When we come to worship and are casual or careless in our approach to God or seek out worship that’s cute or chatty, what we’re really communicating is—we don’t really understand who God is because that kind of so-called worship in completely inconsistent with the Creator/creature relationship.  In Malachi chapter one, the priests were being careless in their sacrificial offerings to God and God tells them the reason this is such an abominable sin is because, [v.14] “For I am a great King, says the Lord of Hosts and my name will be feared among the nations.”  He’s saying—“Your careless approach to your worship of me is a denial of who I am.  I’m not some little tribal deity—I’m the Lord of the Universe—all the nations will come and bow down before me.”  How does “the great King, “the Lord of Hosts” appreciate cute, clever or chatty words in church on Sunday?  We must by God’s grace develop a fear of God by reading texts that bring to mind truths like--our God is a consuming fire.
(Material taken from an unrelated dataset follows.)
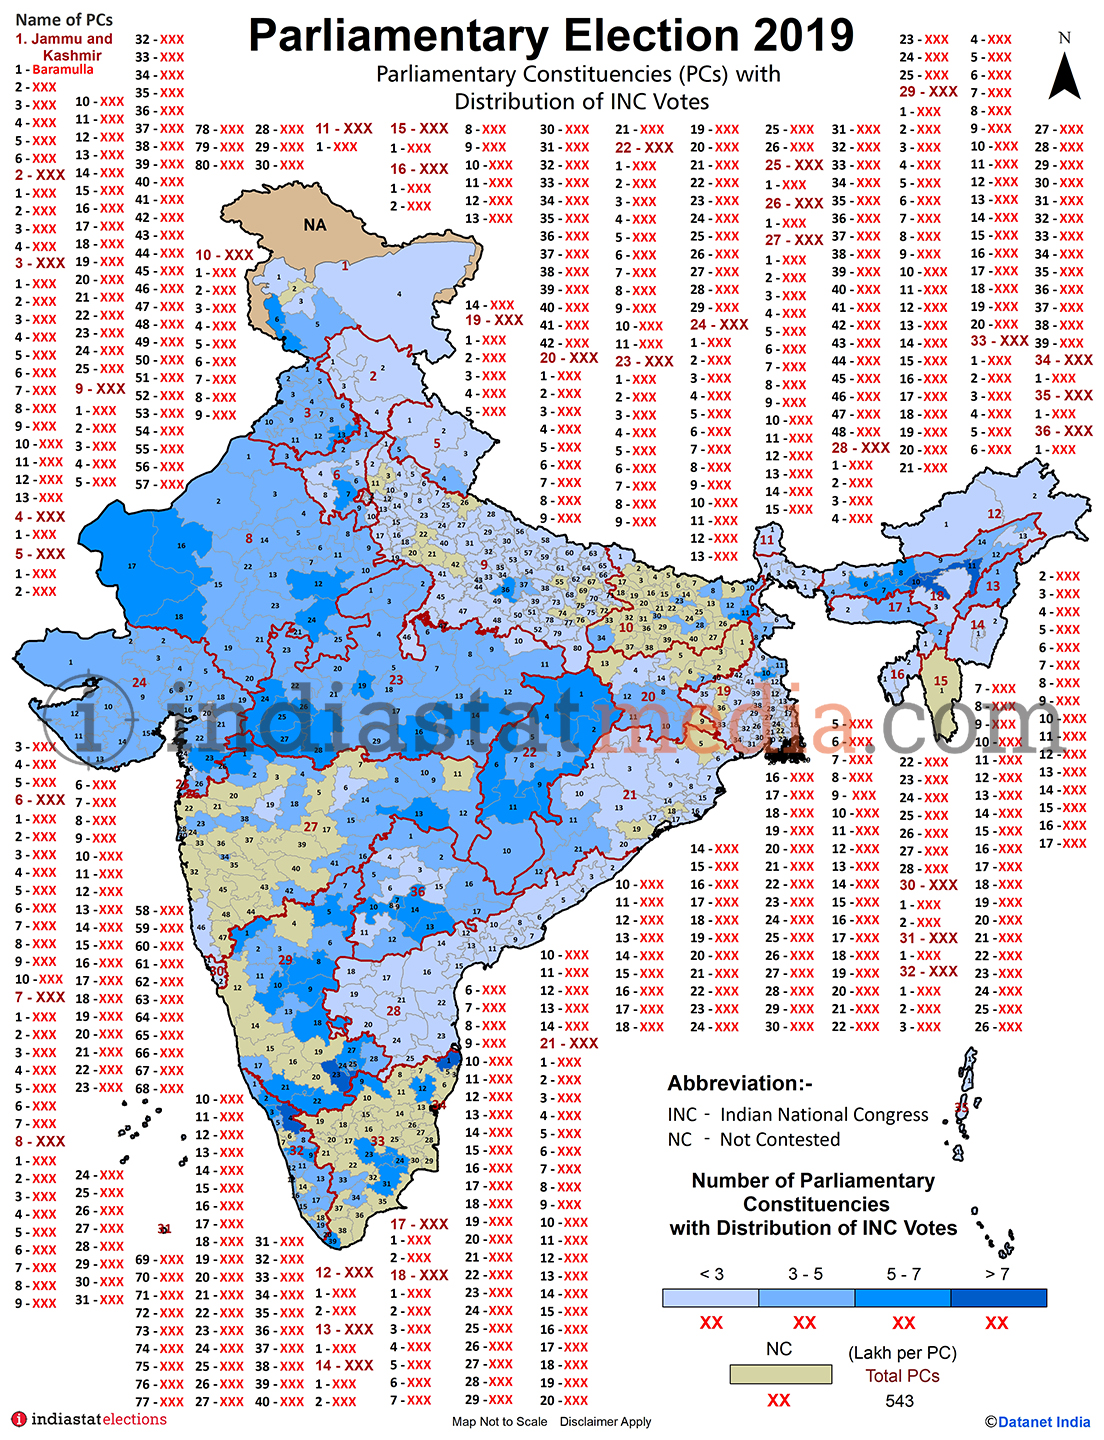 Distribution of INC Votes by Parliamentary Constituencies in India (Parliamentary Election - 2019)
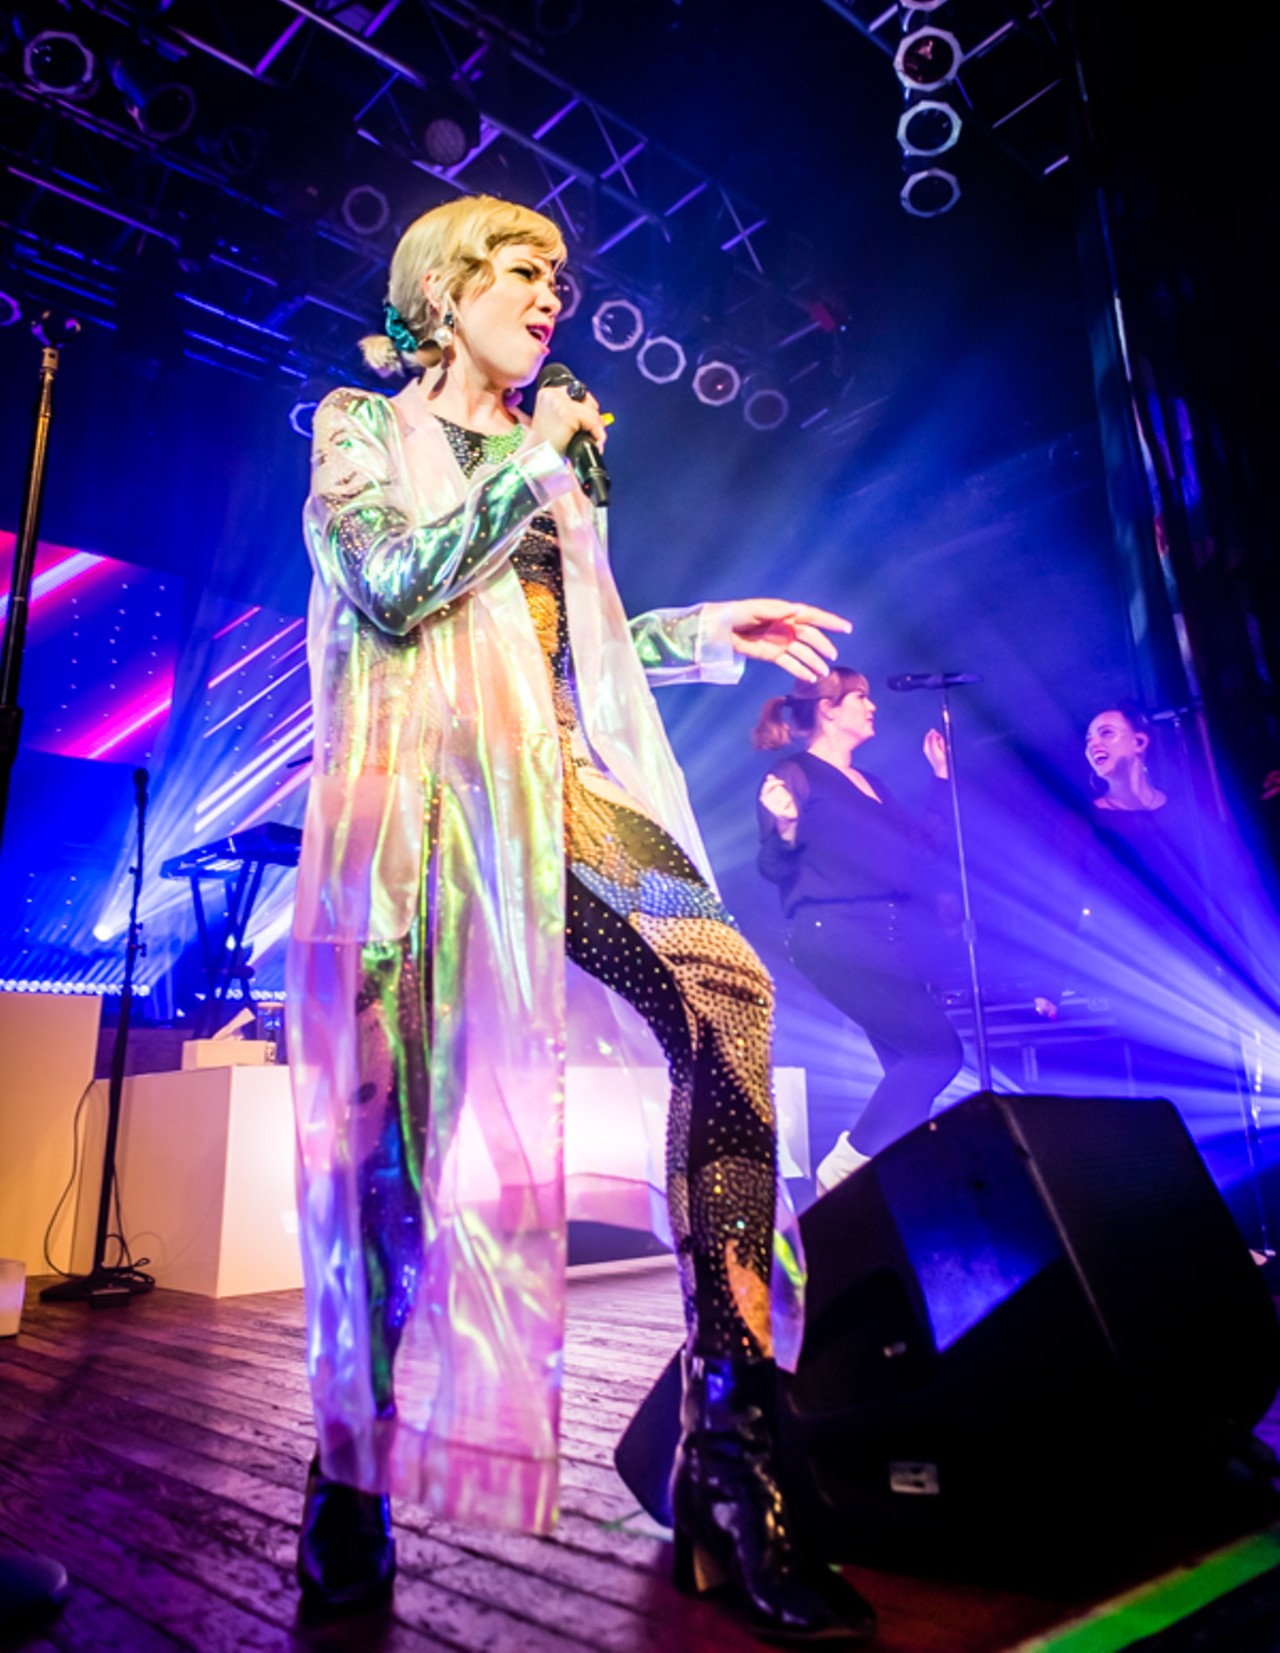 Photos From Carly Rae Jepsen's Concert at House of Blues

Second, we must preach the gospel to ourselves.  After a message that calls us to be careful in our preparation for worship, the natural tendency is to become so self-conscious about how imperfect our worship is, that we just don’t worship at all.  It’s good to be reminded of what God expects in worship, but the gospel must be woven into those expectations.  That is—we must know that our imperfect worship is accepted by the Father because of the perfect worship offered by the Son.[3]  Nothing we offer to God is perfect and undefiled—we’re fallen.  Our soiled fingers always leave a stain.  But Hebrews 10:19 tells us in light of our forgiven sins, “19 Therefore, brothers, since we have confidence to enter the holy places by the blood of Jesus,” [v.22] “let us draw near with a true heart in full assurance of faith, with our hearts sprinkled clean from an evil conscience and our bodies washed with pure water.  What that means is that if we are truthful and heartfelt in our worship, God passes our imperfect words and expressions of worship through the filter of his Son’s blood which makes it acceptable to him—it’s as much a delight to him as the worship of Jesus is.  That’s amazing!

Philip Ryken writes, “When we know that even our worship is forgiven, then we approach God with joyful confidence.  Rather than saying,If I worship the right way, then God will accept me,” we say, “I am already accepted through the crucifixion and resurrection of Jesus Christ, and now it is my privilege to worship God the way he wants to be worshipped.”  Jesus says in John chapter four, “the Father is seeking such people to worship him.”  Hebrews 4 exhorts believers that because Jesus is a High Priest who can sympathize with our weaknesses, [v.16] “16 Let us then with confidence draw near to the throne of grace, that we may receive mercy and find grace to help in time of need.  None of that changes the fact that “God is in heaven and you are on earth.  He remains Almighty God, Creator of the heavens and earth, but through Christ he has brought us near to himself so that we can know him not only in reverence, but also in intimacy--we can worship him all the time through our separated lives, not just Sunday morning.  May God give us the grace to praise God for his unspeakable gift! 


[1] Most of this description is taken from: Ibrnb.com/articles 1/?p=145

[2] Carson, D.A. “The Gospel According to John” Pillar series, p. 473.

[3] Ryken, Philip, Ecclesiastes—Preach the Word series, p. 122.